Task statement
From the line that contains "CONGO BELGE / US ARMY Img_2067" to the end of the entries, copy each line exactly, though the pictures stay out.

Data
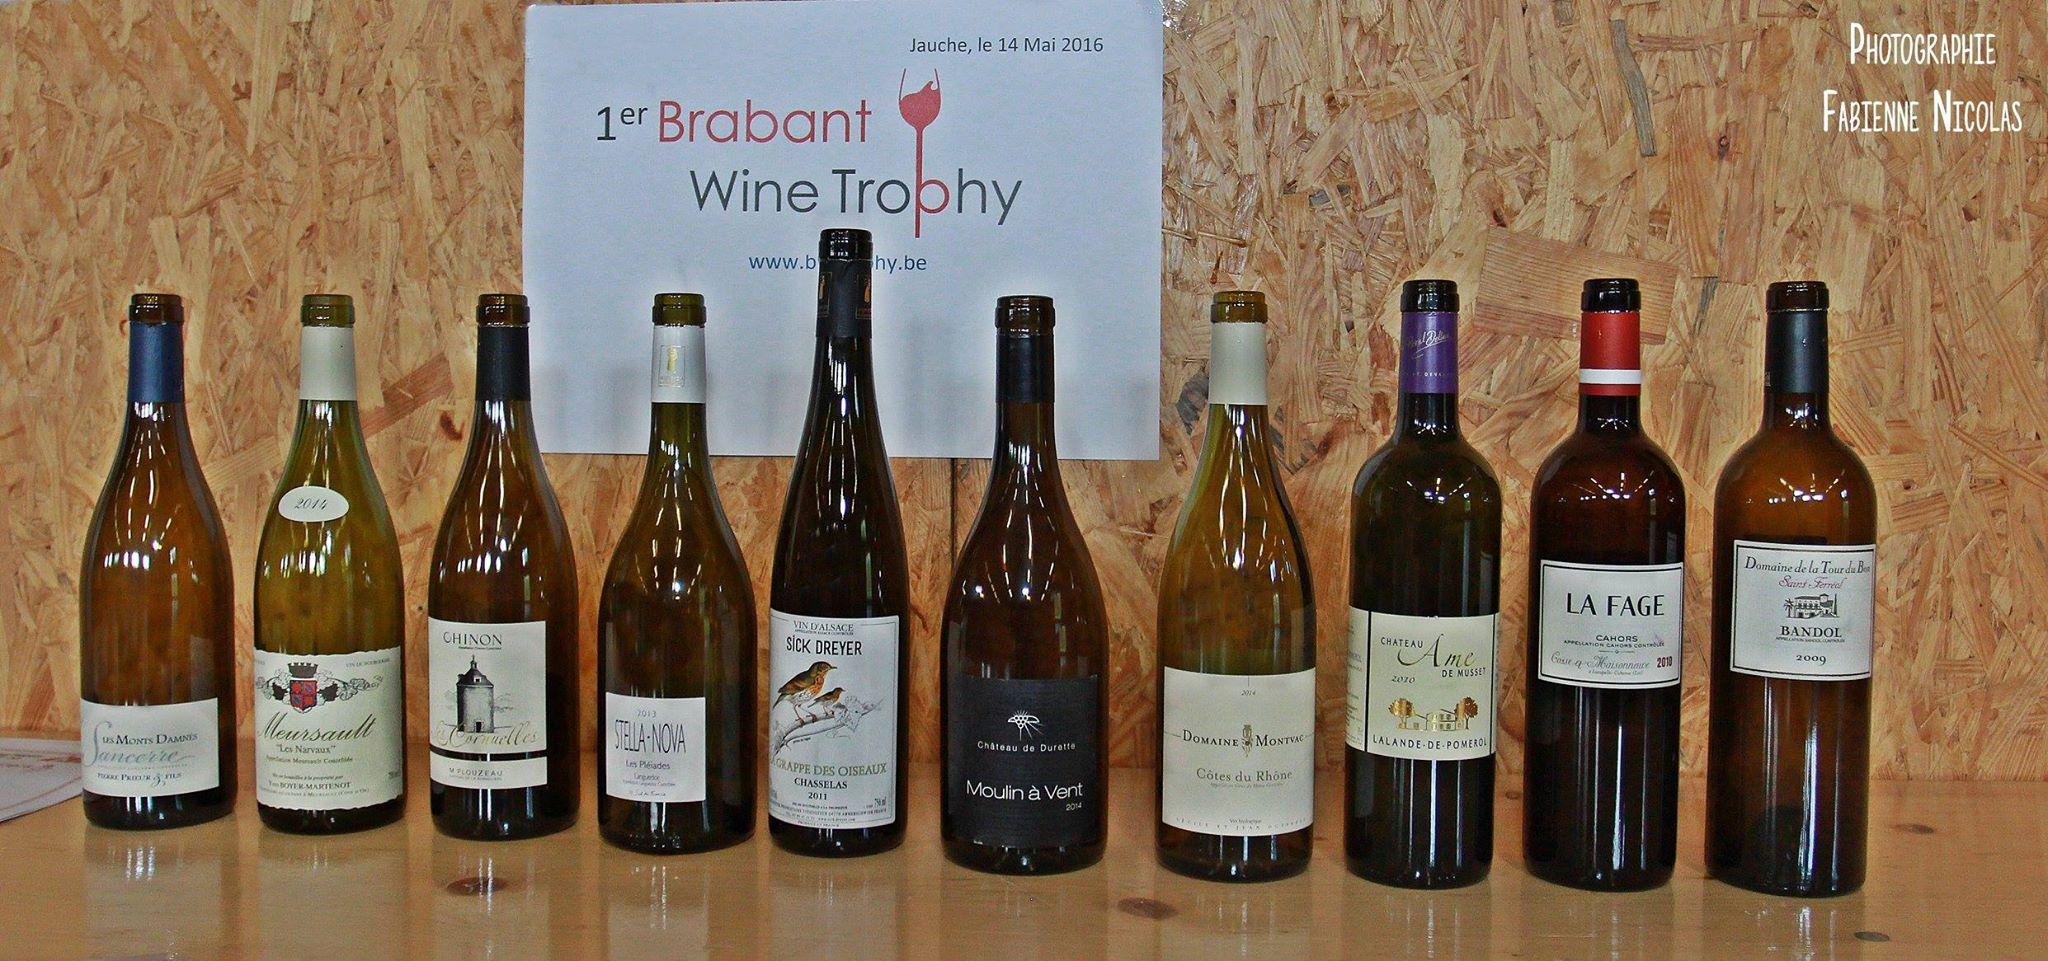 Brabant Wine Trophy: Nouveau Concours Oenologique En
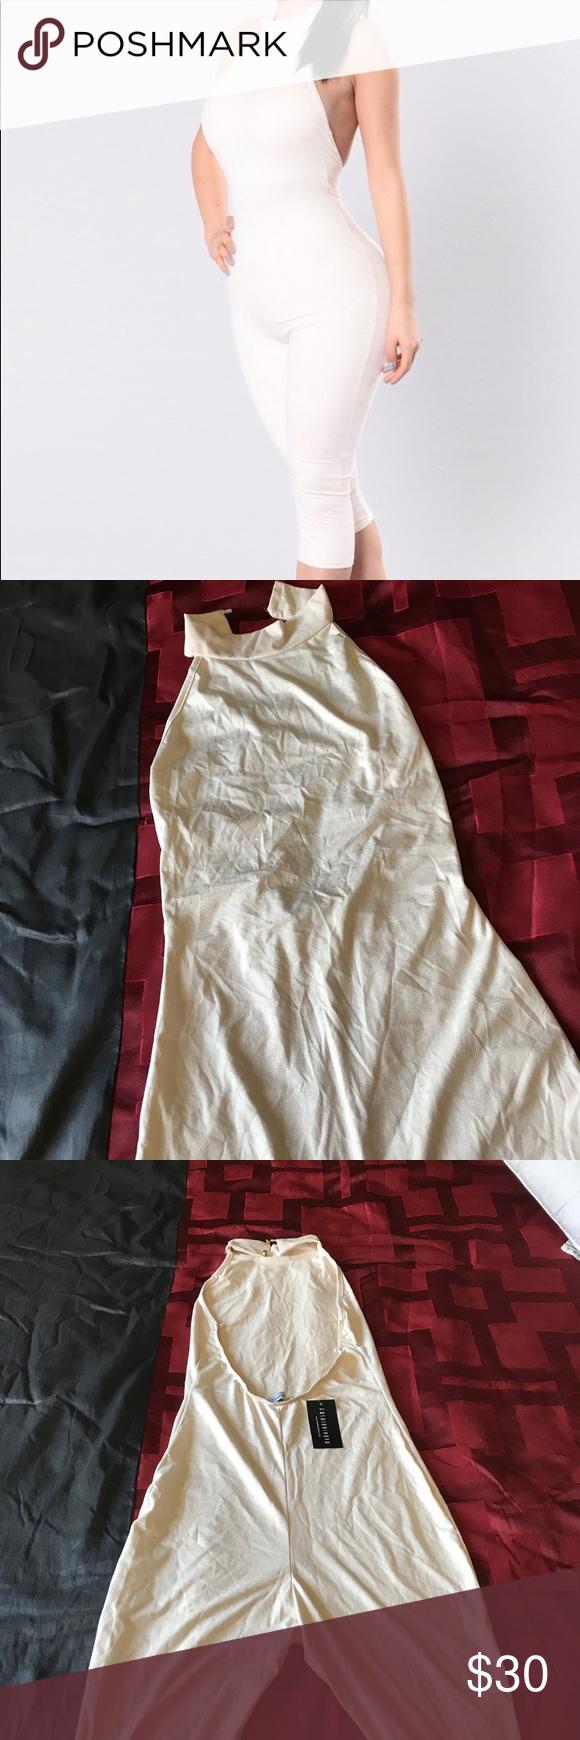 f3e4372c493e FashioNova Shattered glass Jumpsuit Nude
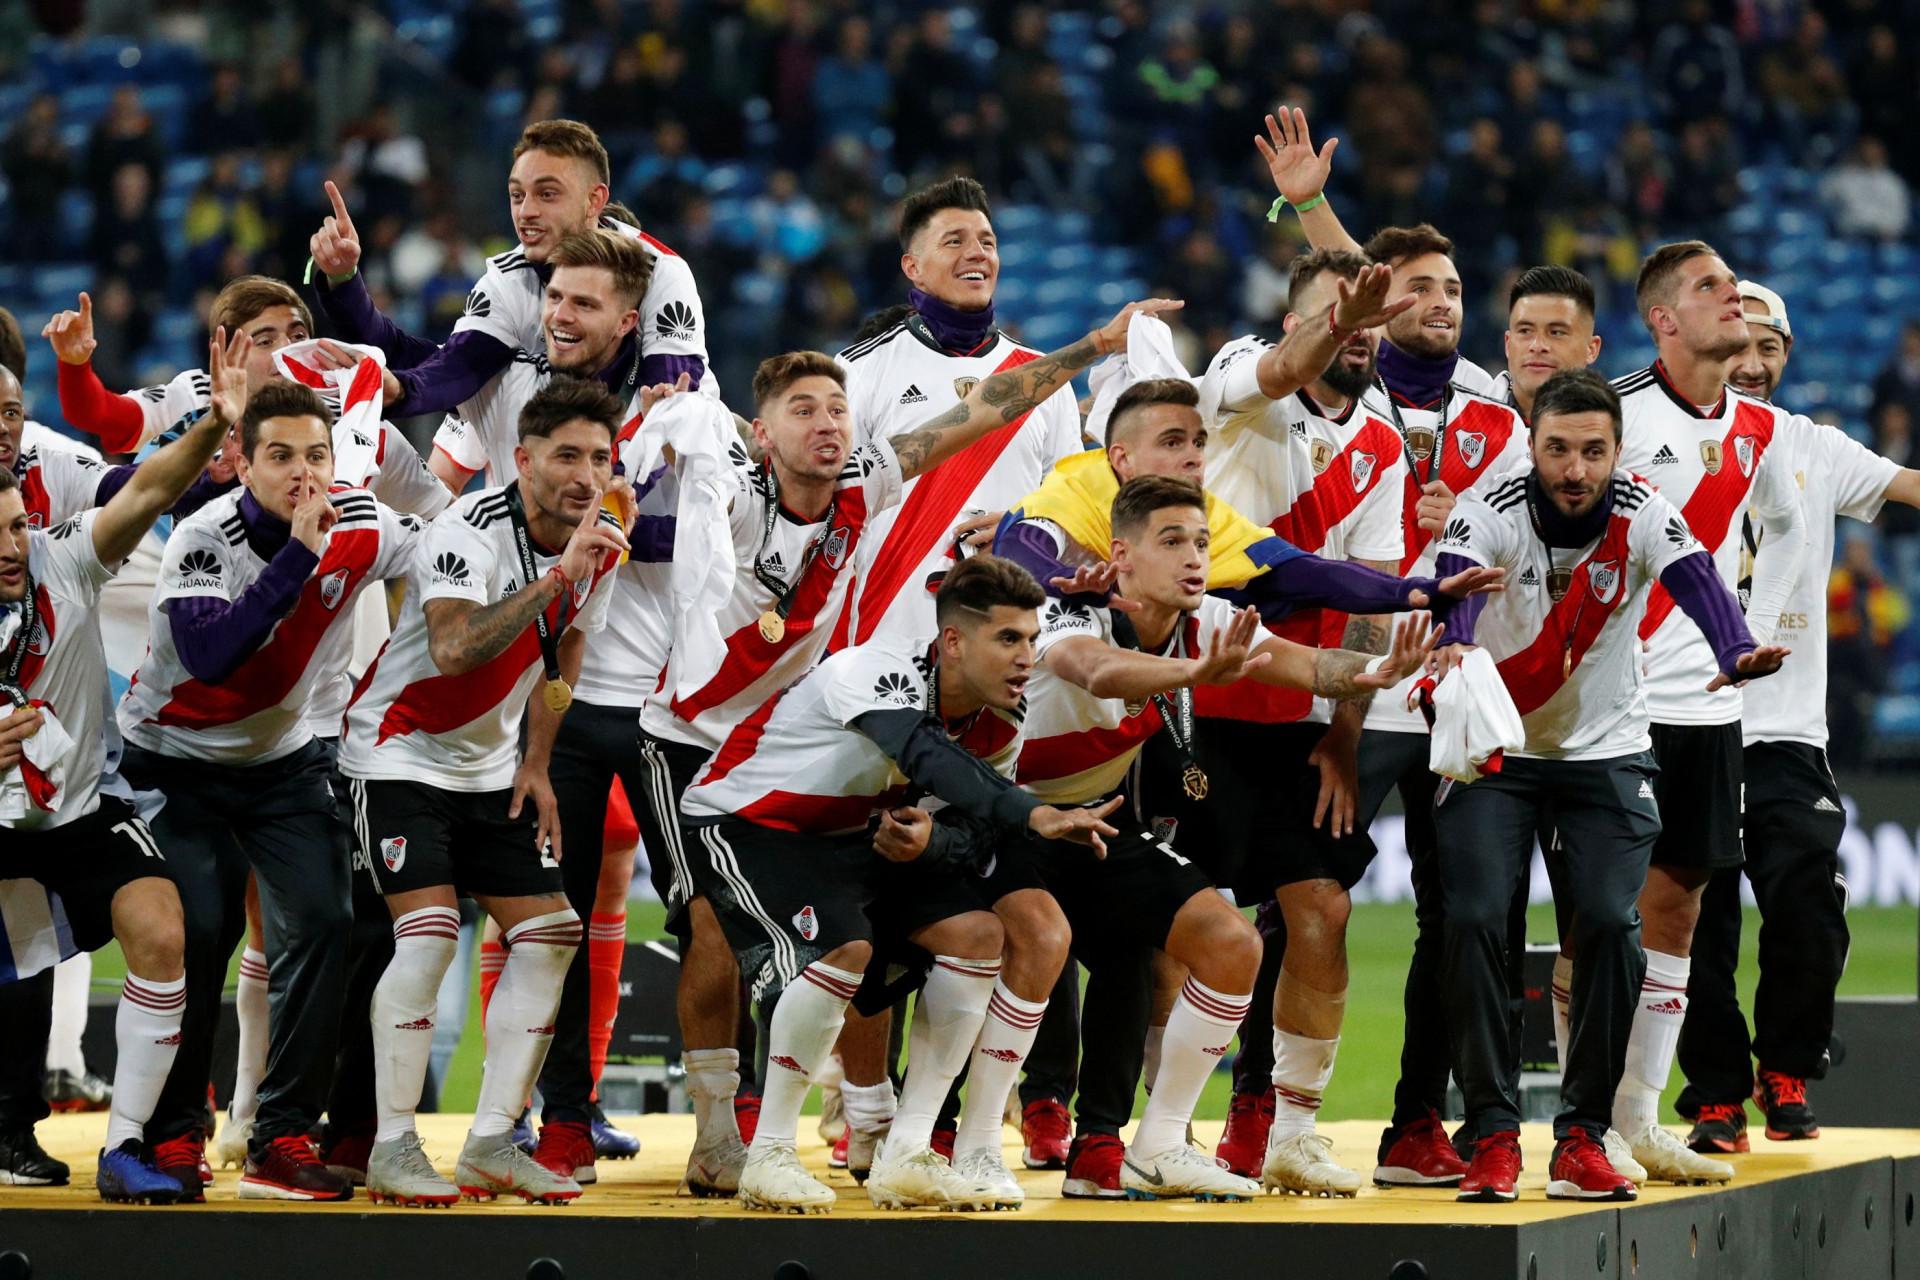 Por fim, o futebol: As melhores imagens da 'louca' final da Libertadores
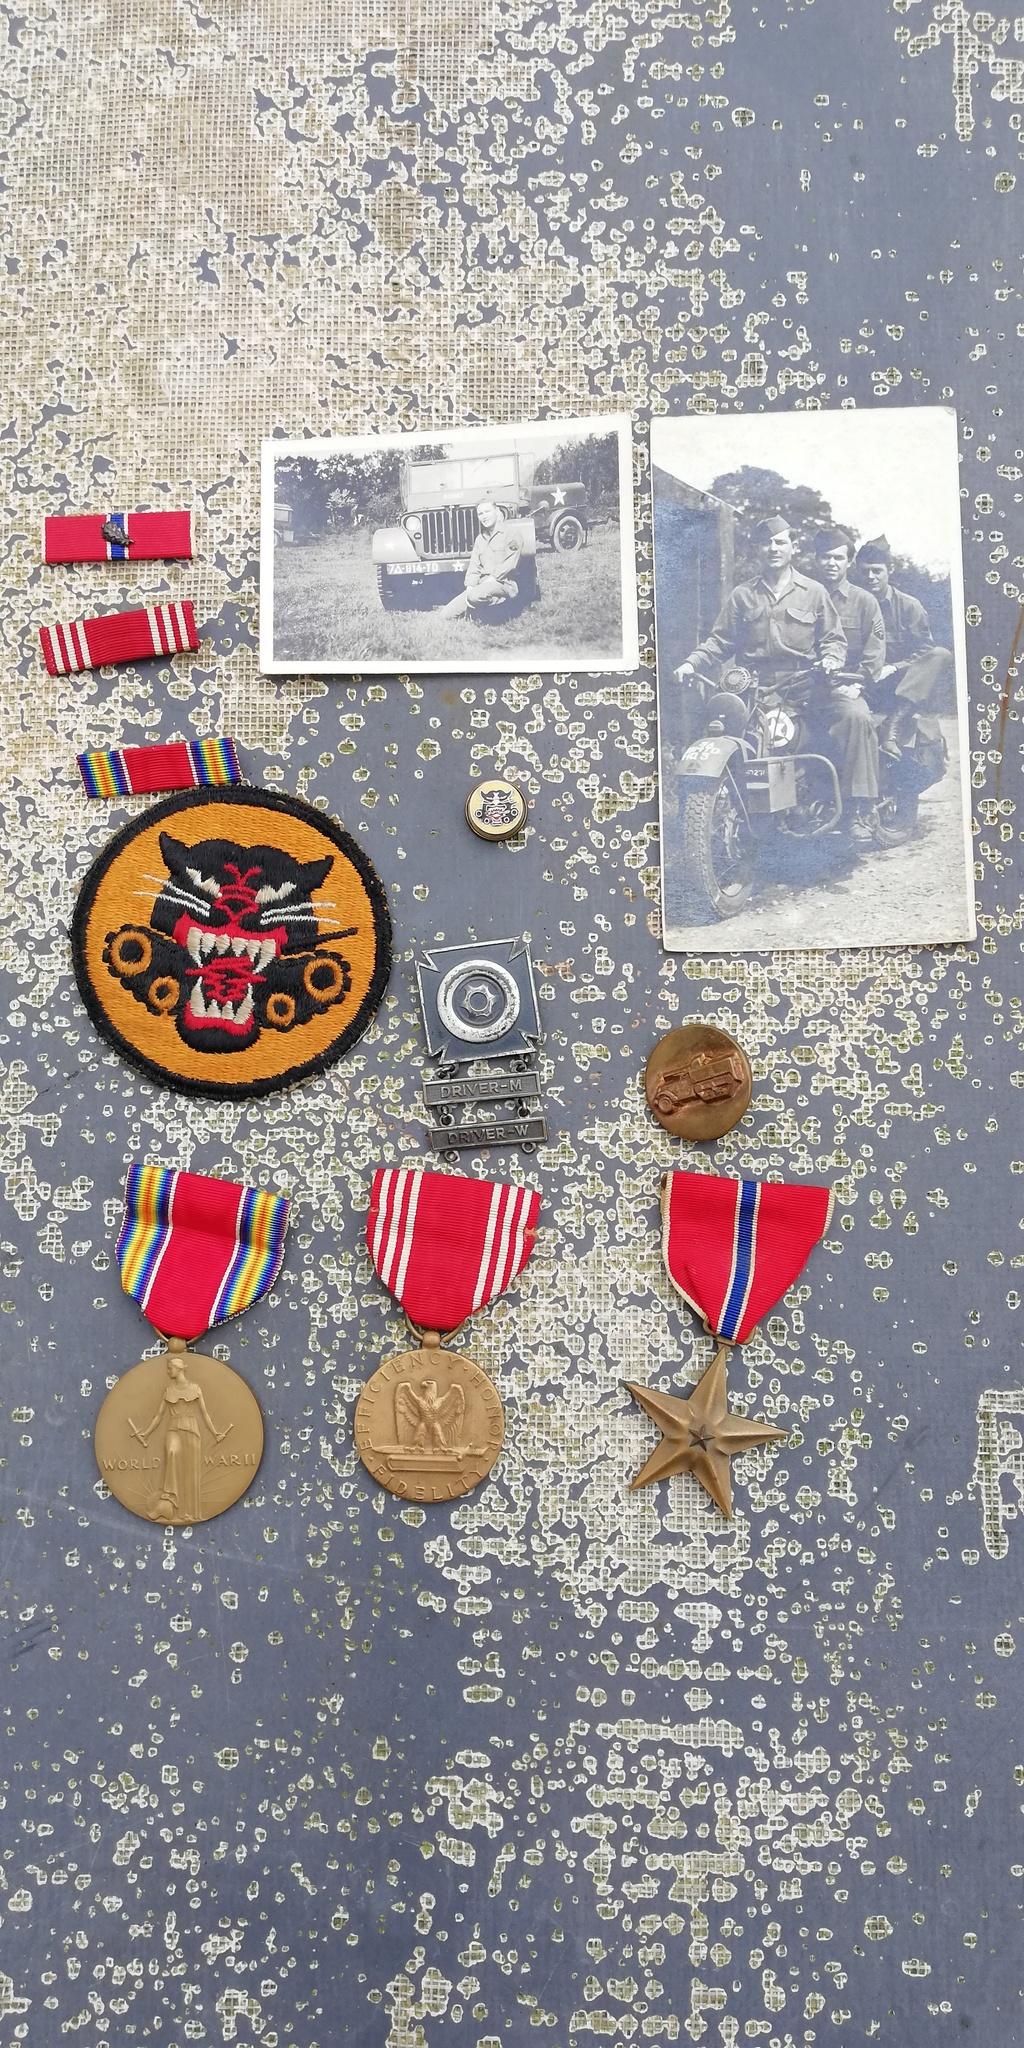 CONGO BELGE / US ARMY Img_2067
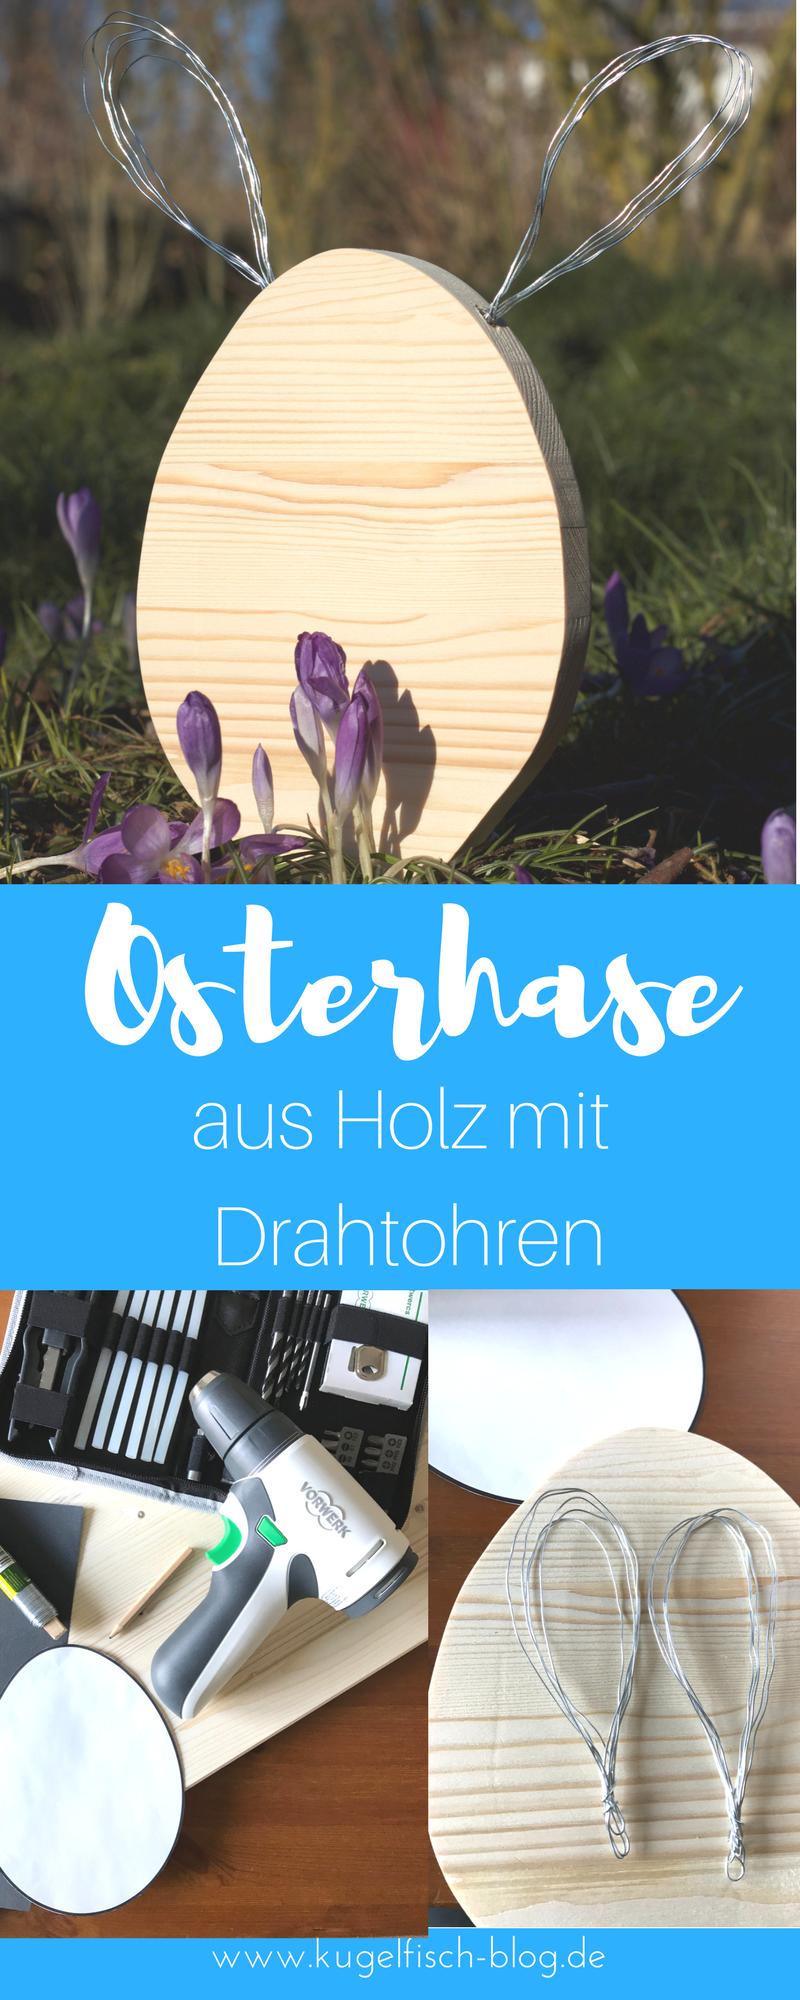 DIY: Osterhase aus Holz mit Drahtohren -   24 diy basteln holz ideas

Output of the exercise
 CONGO BELGE / US ARMY Img_2067
 DIY: Osterhase aus Holz mit Drahtohren -   24 diy basteln holz ideas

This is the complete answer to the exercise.